With the apparent #blackgirlmagic and #melaninpopping movement  exemplified at an accelerated pace on social media, one will suppose a swift decline in ‘skin bleaching’ , except for the spread out report from the World Health Organization (W.H.O) estimates that 77 percent statistics of Nigerian women use skin bleaching products, which reputes Nigeria among top consumers worldwide.

Colorism is still a hard nut to crack even in our domestic society, talk less of the global sphere. One may inquire on what the beauty standards raved about is and how it relates to skin bleaching: We delve into this subject matter.

As black women of different race, ethnicity, and color we have for the longest time being misguided by various prevalent conception of what beauty is and how it should be portrayed; this has grounded the pattern of women of color , thereby pressuring the upheld belief of ‘lighter skin tones’ as more good-looking.

Why is there a thriving representation of biracial girls whilst relaying ads to a diverse category of black women?

Why can’t we dispel this mental colonization of colorism that has ravaged the perception of beauty and toyed with people’s individuality hence paving way for low self esteem? All these questions have been left running through our minds for the longest of time.

In fact, women are not alone on this ride. just like their counterparts, a good number of men are deeply rooted and dedicated to skin bleaching.



Image courtesy @toofaced: Born this way beauty campaign in collaboration with Jackie Aina.


More so, ‘BBCAfrica Girl Talk’ had a thought provoking live Instagram session on Skin Bleaching which debunked several beauty intricacies.

The panelists expounded on different skin bleaching ‘school of thought’- conversing on how the idea of a flawless skin to some people means being ‘light skinned’ , further attributing main stream media, a propagating factor of colorism and misrepresentation of beauty.

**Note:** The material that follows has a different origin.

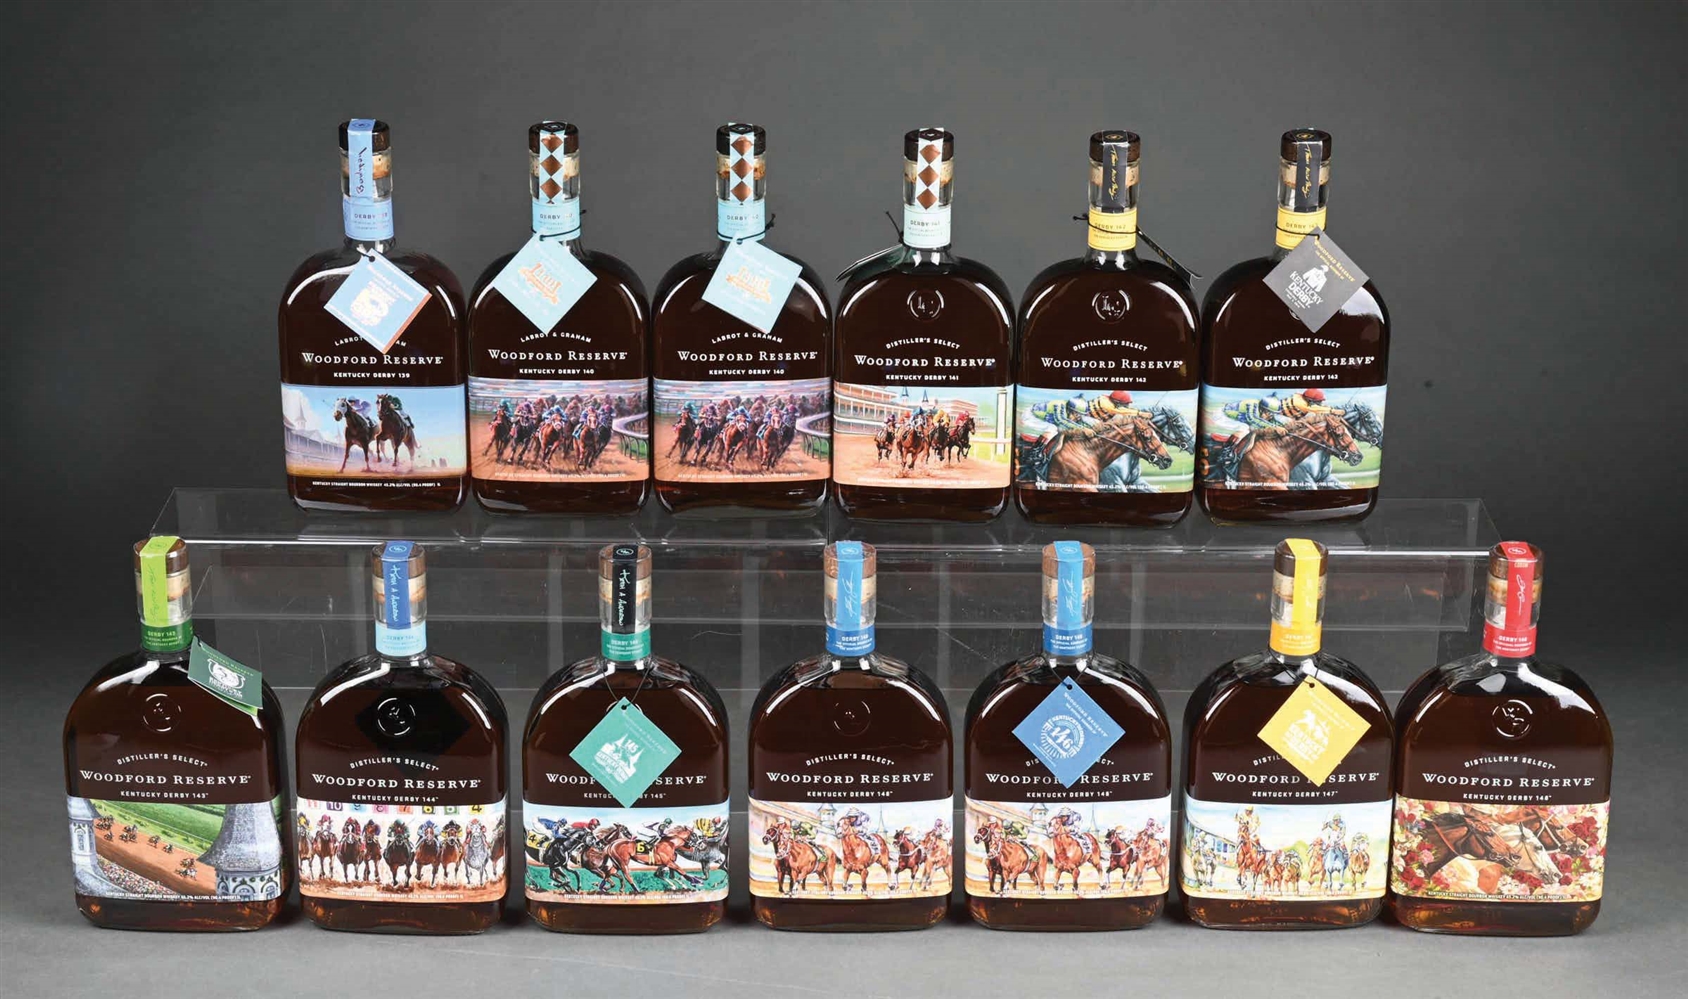 LOT OF 13: LABROT & GRAHAM WOODFORD RESERVE SPECIAL EDITION 1 LITER DERBY BOTTLES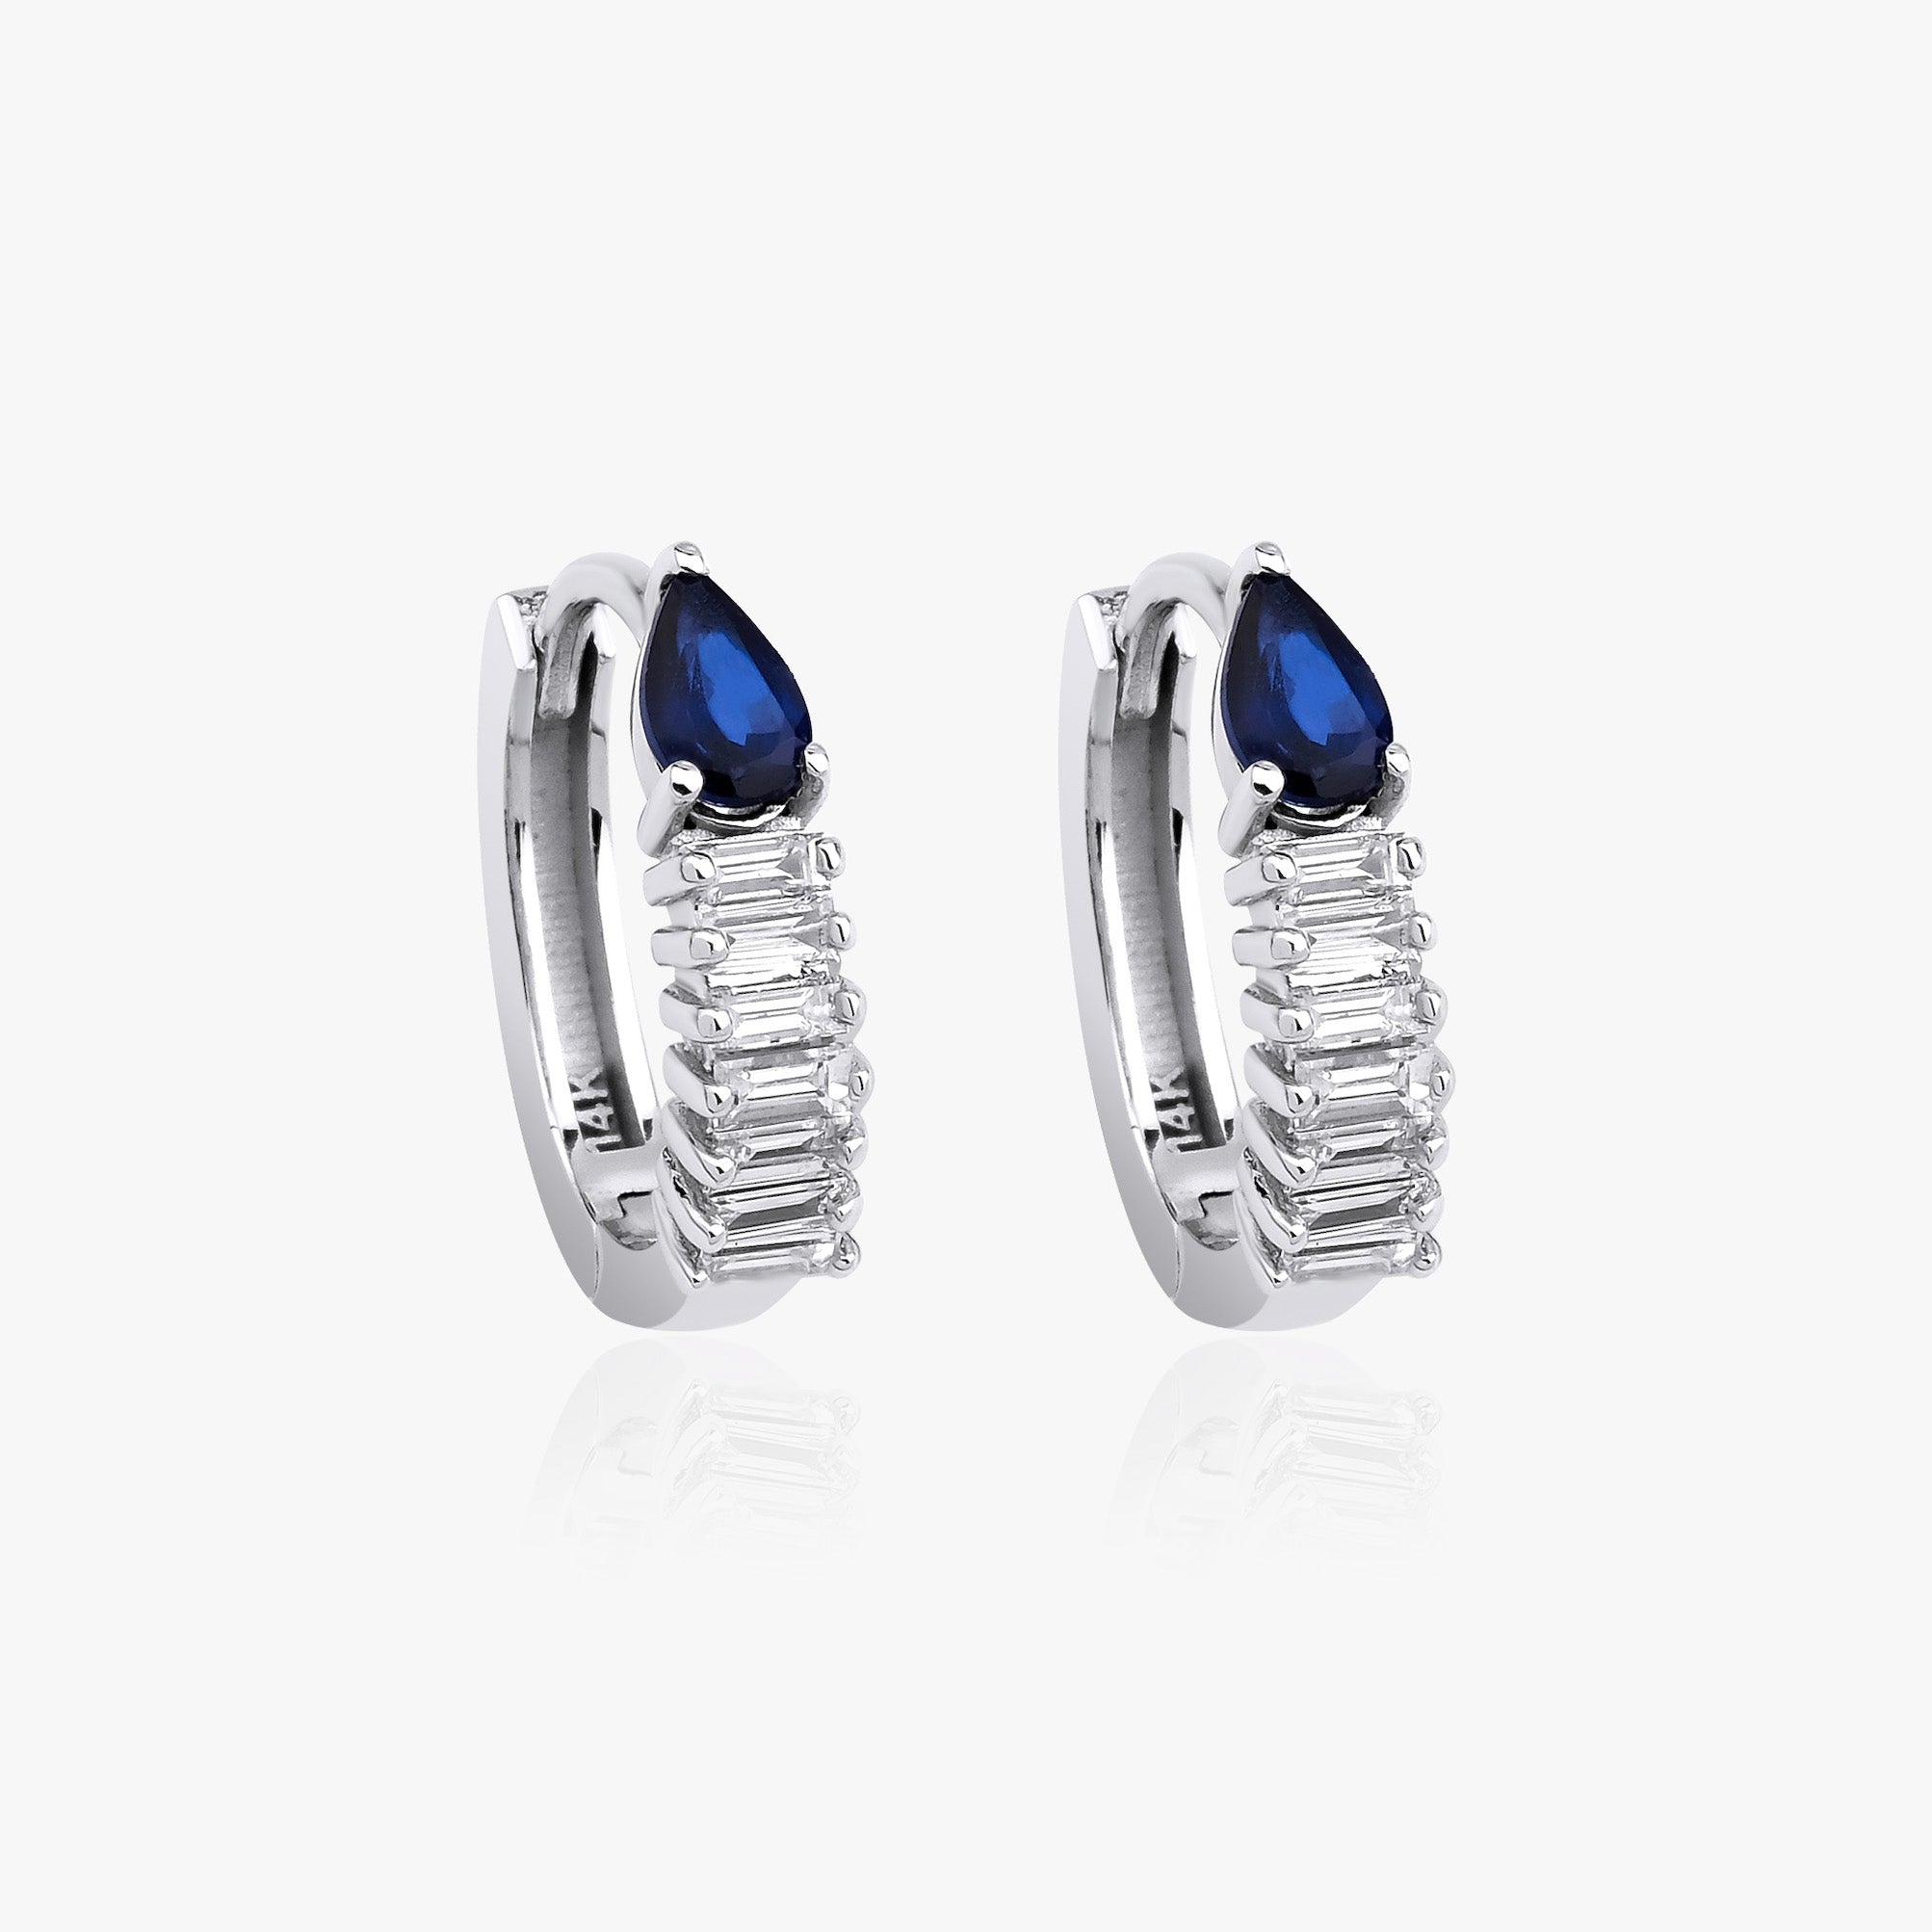 Sapphire Earrings With Baguette Cut Diamonds AvailableiIn 14K and 18K Gold

Regarding light skin as superior is ingrained in the society and this is so overwhelming according to Dr May Ikeora, a skincare entrepreneur; “we can’t undermine the addiction to bleaching” she added.

Highlighting points like, Individuals using light skin to push their brands and some jobs benefiting only girls of lighter shades “Skincare has evolved but certain things remain the same” Dr May expressed.

Female Activist and beauty blogger, Lovette Jallow makes clear that there is beauty in the various shade of black women and affirms the beauty portrait traditional media originally painted in the psyche of individuals, theming it,  ‘Psychological colonization of the mind’. “Once I’m bleaching my skin, I’m getting distant from who I am”: Lovette in an articulate scrutiny of skin bleaching.

The reality of minimum wagers (heedless of their financial power) diligently living out the bleaching culture, is quite baffling despite the wide spread awareness of the eroding health consequences stemmed from such practice. A case in point by a twitter user – read more

Still on the BBCGirltalk, Dr Uju Rapu a U.K certified dermatologist in a bid to spell out the damaging effects of skin bleaching states how most creams haven’t gone through cosmetics regulation, condemning harmful ingredients like hydroquinone, Mercury, corticosteroids amongst others.

Amid the diversity and representation wokeness burgeoning in the beauty Industry at various stages – Will this beauty standard prevail? Only time will tell.